In the past, at least, rising housing costs have indeed fueled interest in short-term rental regulation. In Los Angeles, for example, tenants rights groups, lawmakers and others have expressed concern that short-term rentals were eating into the supply of housing, thereby raising costs for permanent residents in the region. Those concerns eventually translated into sweeping regulations at the end of 2018 that significantly limited how hosts can rent properties out through sites like Airbnb.
Similar pushes for regulation have happened in other parts of the country as well, and a frequent underlying concern in these debates about regulation is housing affordability.
The reason this matters now is because real estate has roared back to life during the pandemic, leading to rising home prices and brutal bidding wars. At the same time, millions of Americans have been unable to make payments on their housing.
Ergo, if the lasting legacy of the pandemic is to exacerbate the factors that fueled short-term rental regulation in the first place — namely, affordability issues — it’s reasonable to assume more regulations could be on the horizon. And if that happens, at least some hosts — including some who weighed in on a recent Inman discussion — could potentially decide to do something different with their properties.
On the other hand, Airbnb has survived regulatory battles before. And in June Chesky said that “we have more hosts today, more homes today, than before COVID started” — suggesting the company at least hasn’t suffer from real estate price inflation yet.

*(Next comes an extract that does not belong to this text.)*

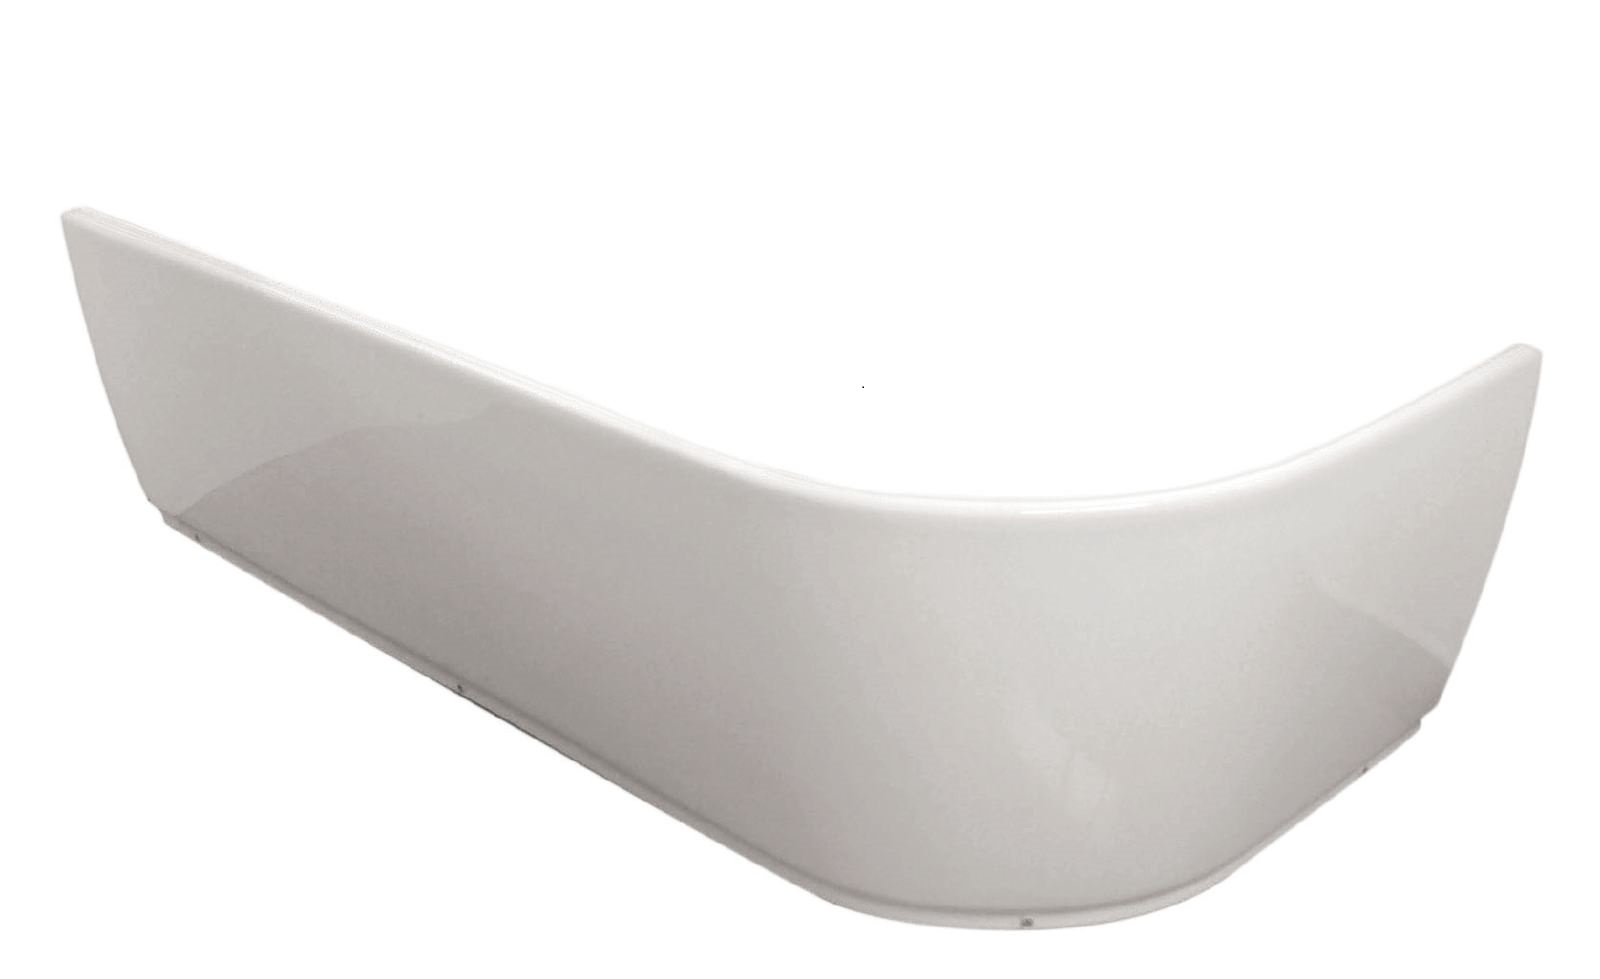 Wannenschürze Honest aus Acryl in Weiß, für abgerundete Badewannen in linker Ausführung, 180 x 80 cm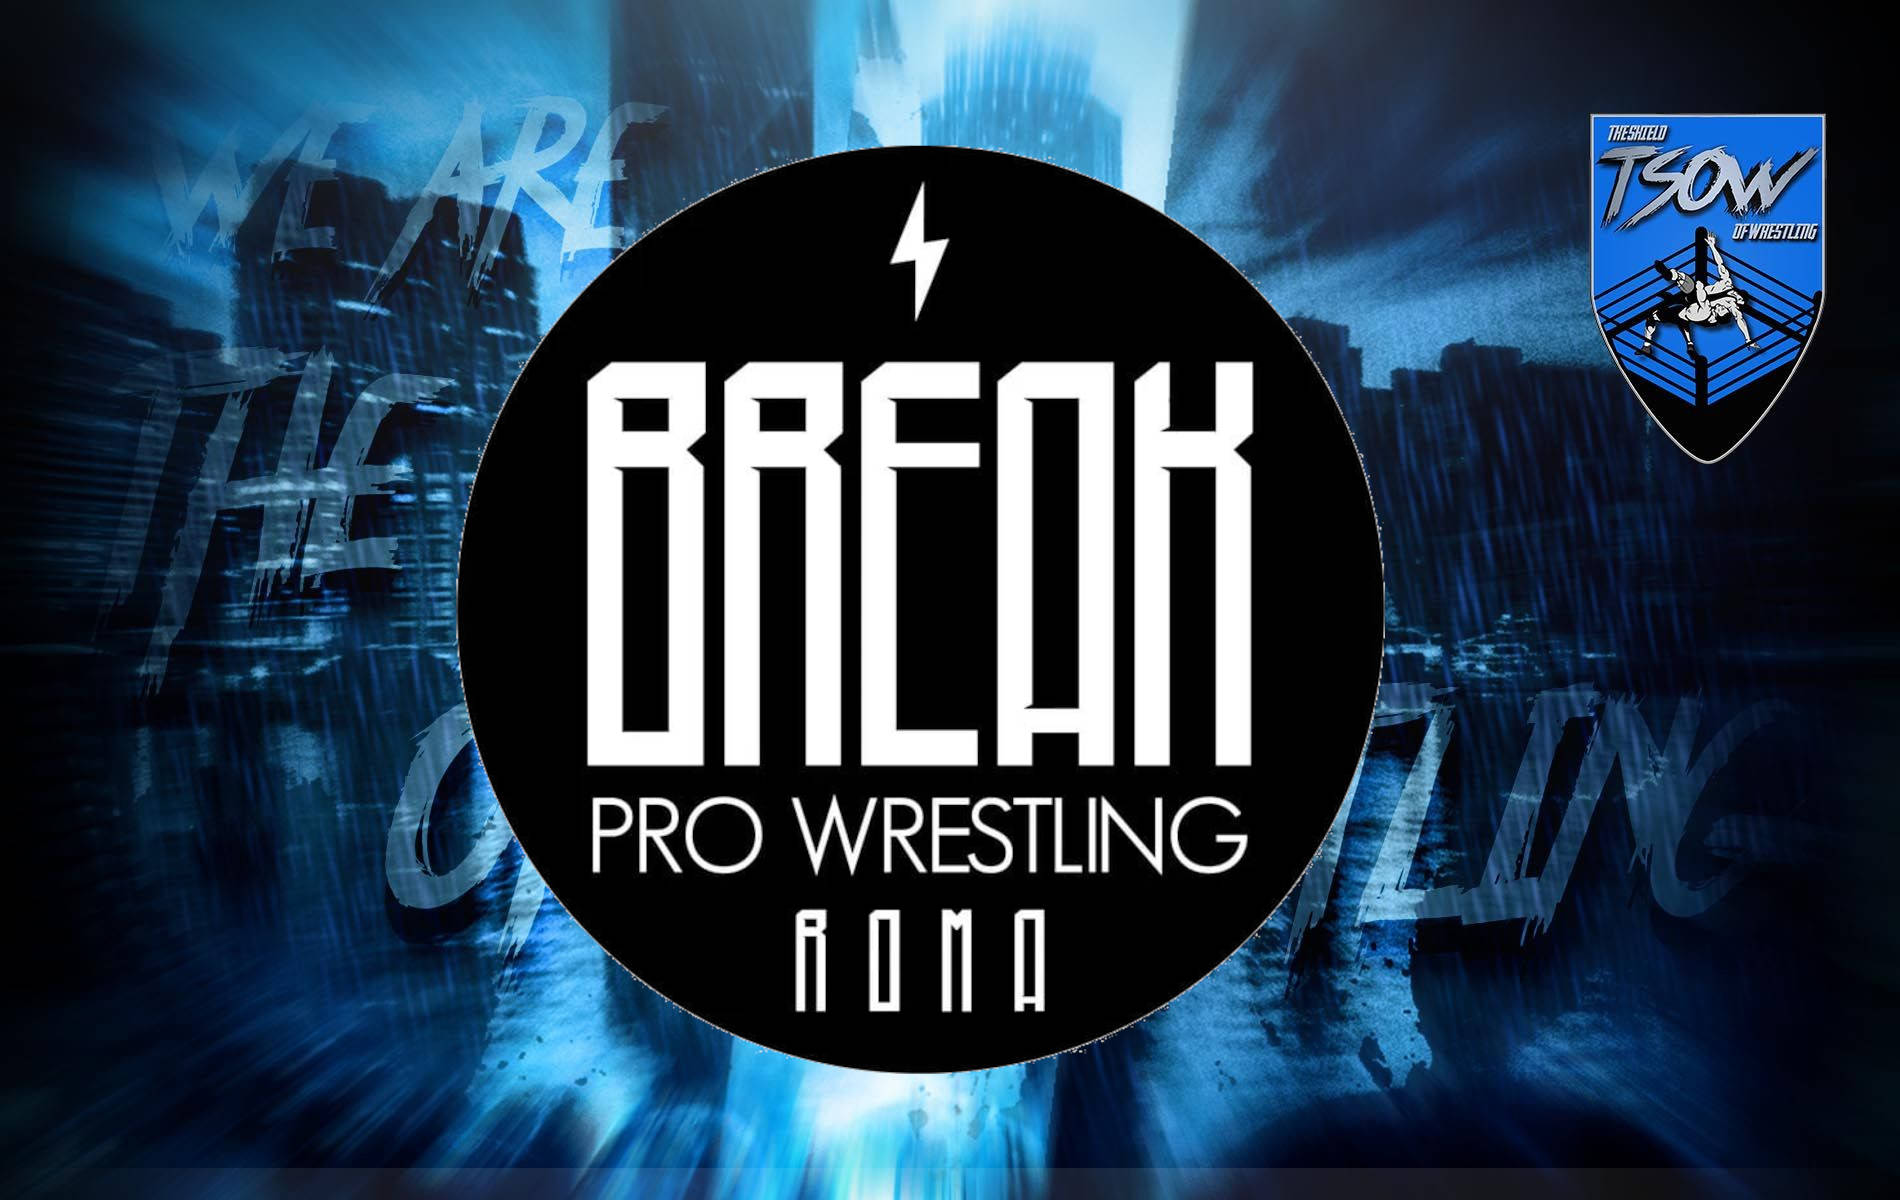 BREAK Pro Wrestling: il nostro intervento al Media Call

Will Airbnb be “reshuffled” along with the rest of the housing market?
During a recent earnings call, Zillow CEO Rich Barton argued the pandemic is having a “reshuffling” effect on real estate. The idea is that with people no longer tethered to offices, they’re choosing to move to new communities, many of which are further flung from major job centers.
But a shift in consumer preference could also impact short-term rental companies like Airbnb as well. For example, Airbnb has had success building its rental business in major metro areas — financial services firm IPX1031 has ranked Miami Beach as the top area for per capita listings — but if travelers suddenly all want to visit rural areas to avoid the coronavirus that could slow the company’s return to full operating strength.
Investor and market analyst Thomas Paulson recently pointed to this issue as a potential challenge for Airbnb, telling Skift that a shift away from urban areas could diminish the company’s business by 25 percent, making it hard to ramp back up or to grow.
Like so many other pandemic-related things right now, how any reshuffling plays out remains to be determined. But Chesky has indicated the concept, at least, will likely be a factor going forward: During his CNBC interview in June, he argued that “travel as we knew it is over.”
“That doesn’t mean travel is over, just the travel we knew is over, and it’s never coming back,” he continued. “It’s just not.”
Chesky went on to say he thinks travel will see a “redistribution,” with people visiting “thousands of local communities” instead of the few big tourist centers that have dominated in the past. If that does happen, it could shape Airbnb’s path toward profitability. And it will impact the kinds of returns owners and investors can expect to see from the properties where the company’s guests actually stay.